_What to do_
Return the listing exactly as it appears, but strip out the images.

_Supplied data_
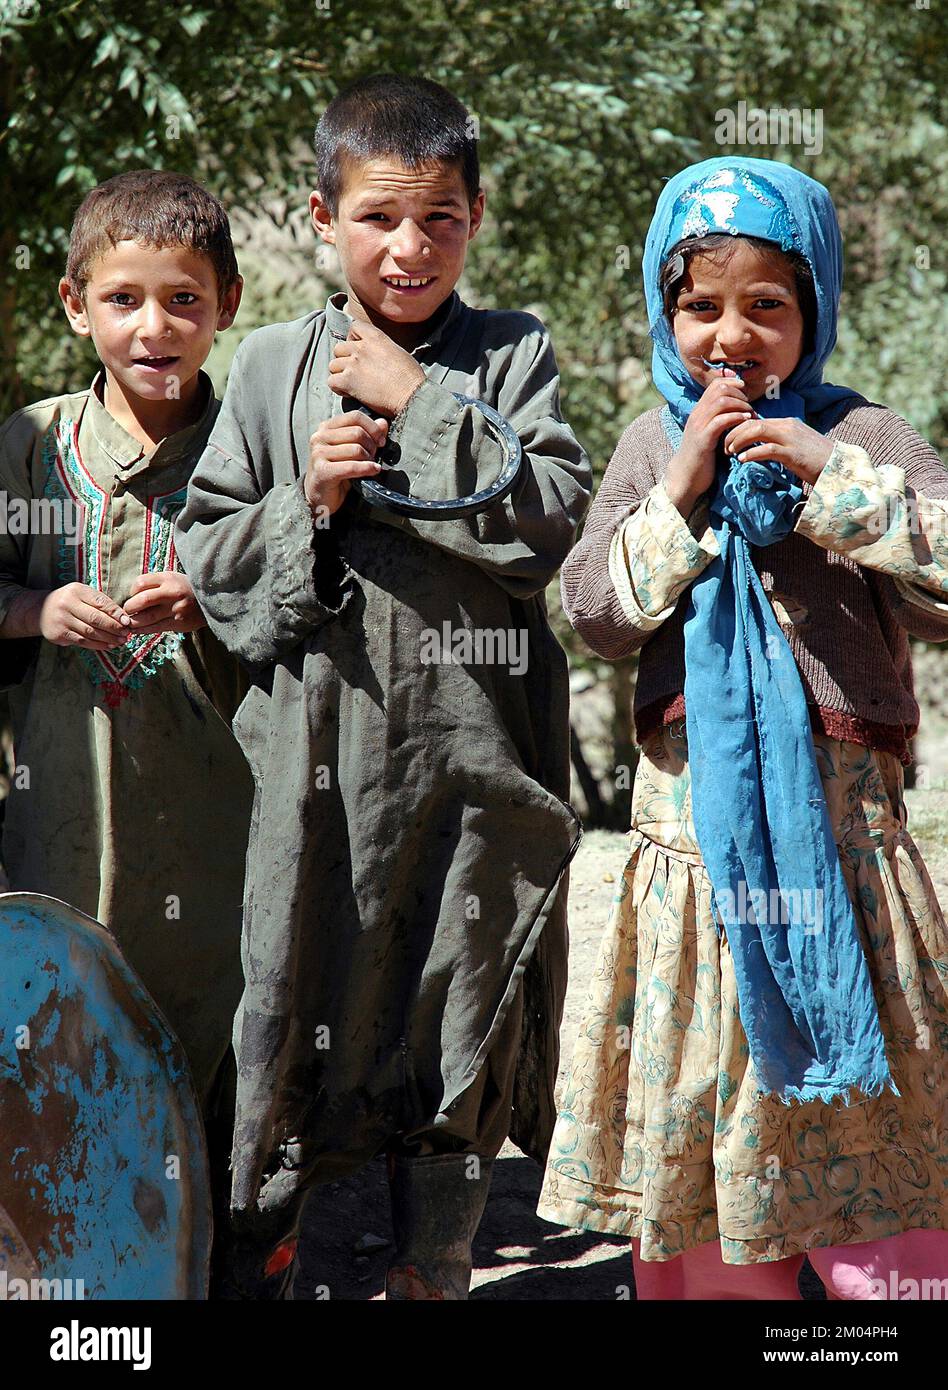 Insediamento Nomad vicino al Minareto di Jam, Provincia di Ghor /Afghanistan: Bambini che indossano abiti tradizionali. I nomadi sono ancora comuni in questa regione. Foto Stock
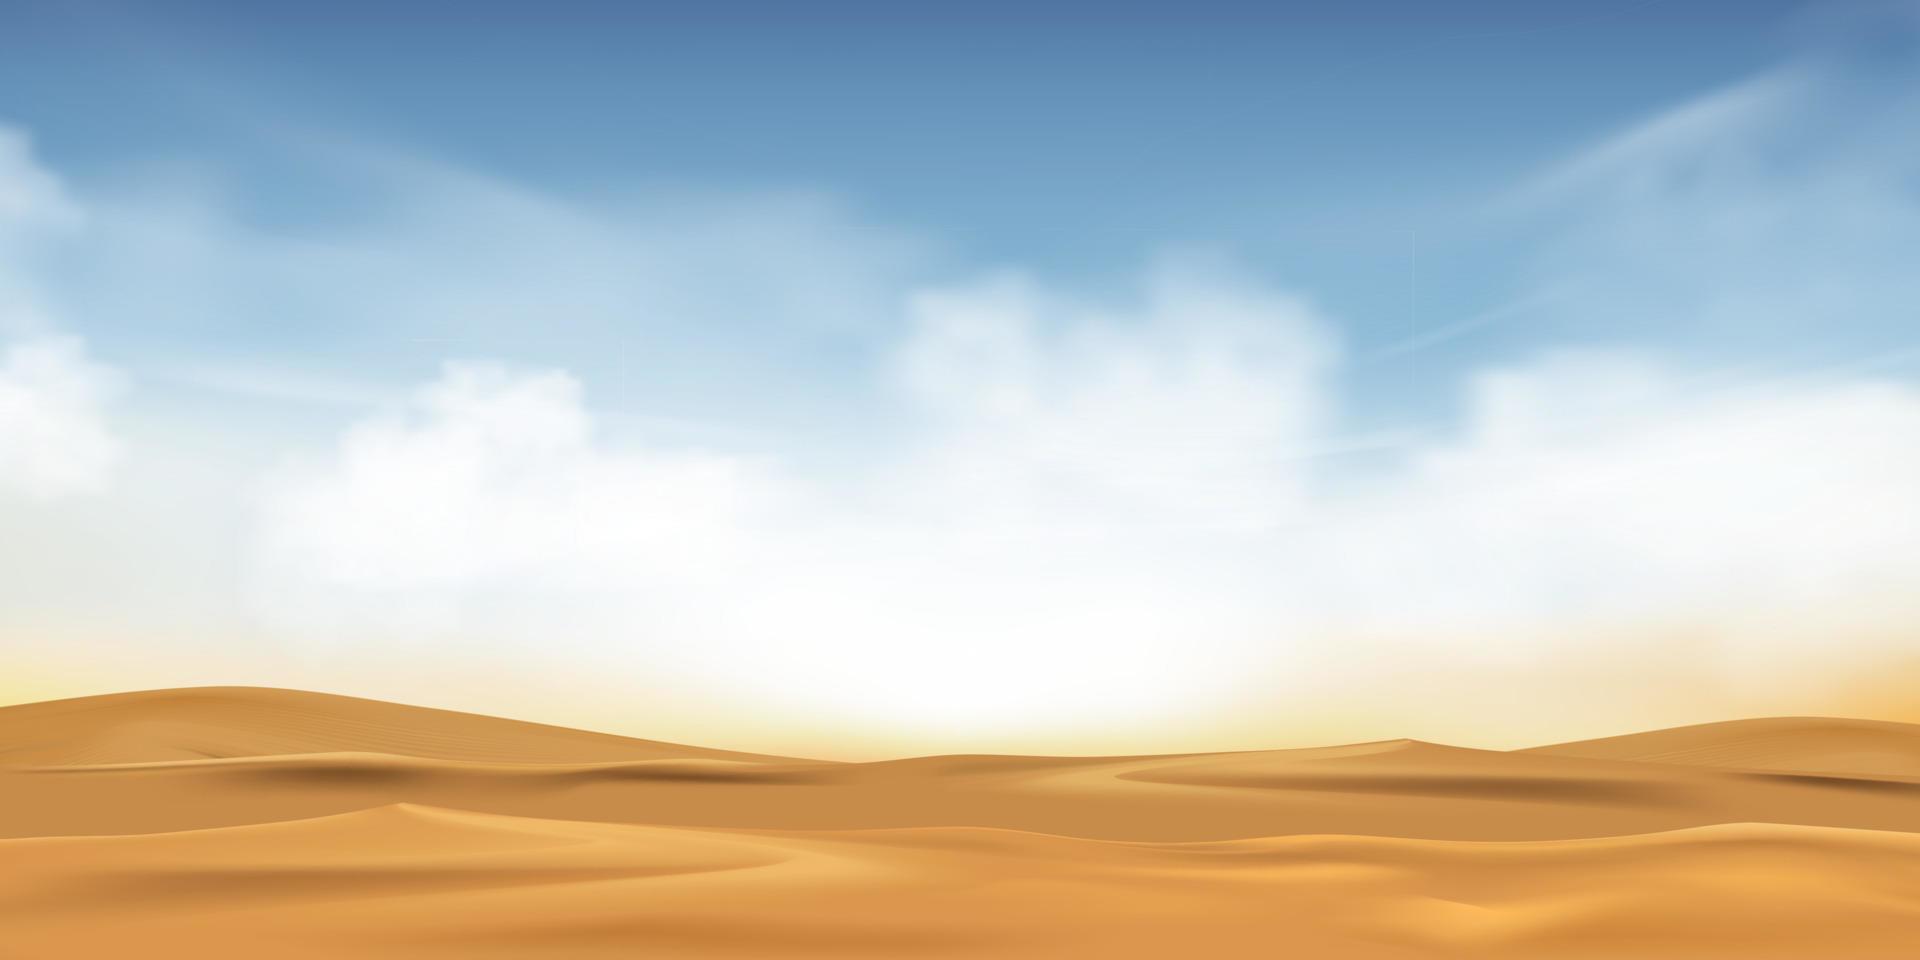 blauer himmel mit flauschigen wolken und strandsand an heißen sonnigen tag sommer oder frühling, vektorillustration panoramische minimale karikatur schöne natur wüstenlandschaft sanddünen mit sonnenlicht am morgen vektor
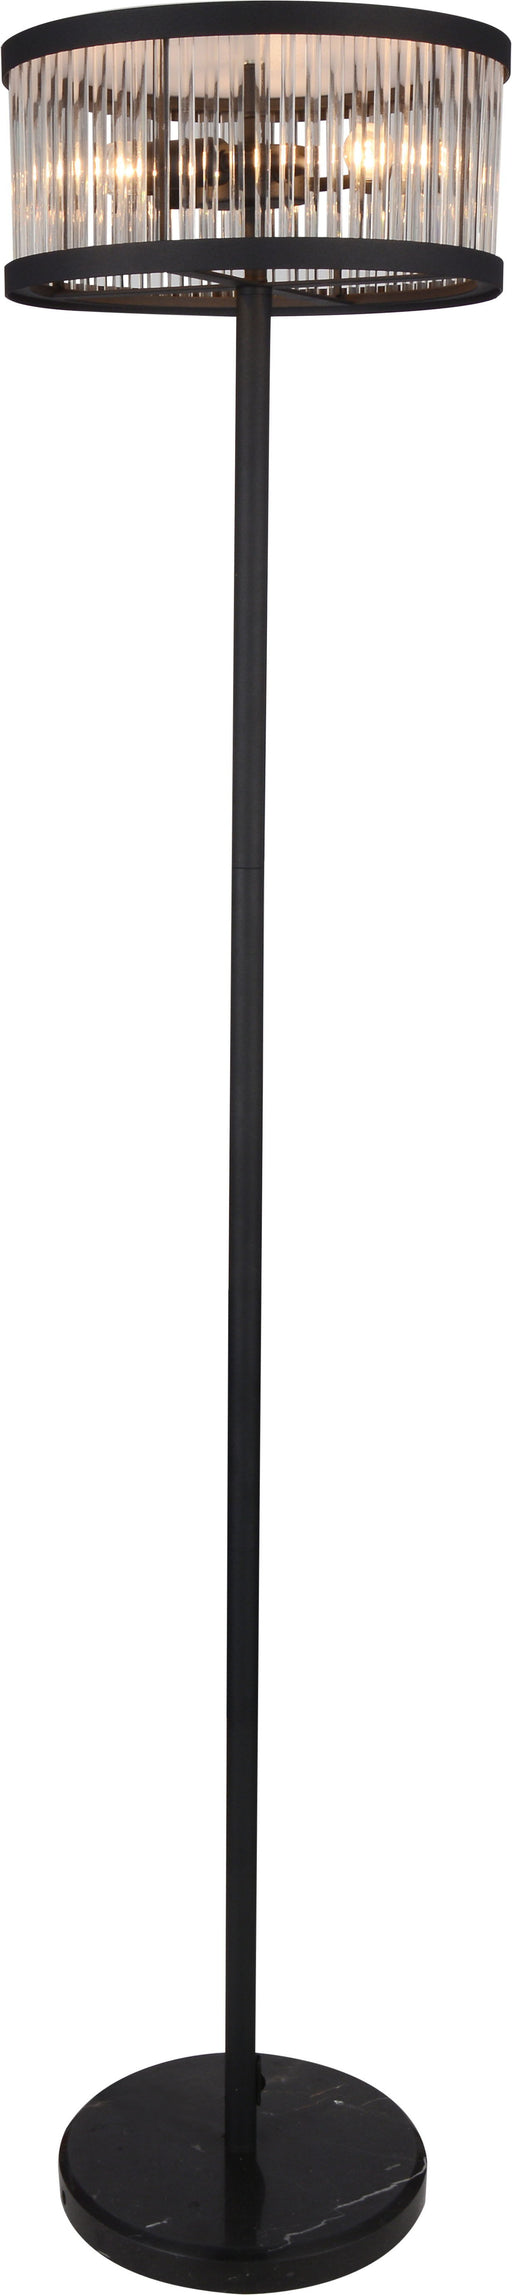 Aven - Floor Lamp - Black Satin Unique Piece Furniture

_Output_
 Insediamento Nomad vicino al Minareto di Jam, Provincia di Ghor /Afghanistan: Bambini che indossano abiti tradizionali. I nomadi sono ancora comuni in questa regione. Foto Stock
 blauer himmel mit flauschigen wolken und strandsand an heißen sonnigen tag sommer oder frühling, vektorillustration panoramische minimale karikatur schöne natur wüstenlandschaft sanddünen mit sonnenlicht am morgen vektor
 Aven - Floor Lamp - Black Satin Unique Piece Furniture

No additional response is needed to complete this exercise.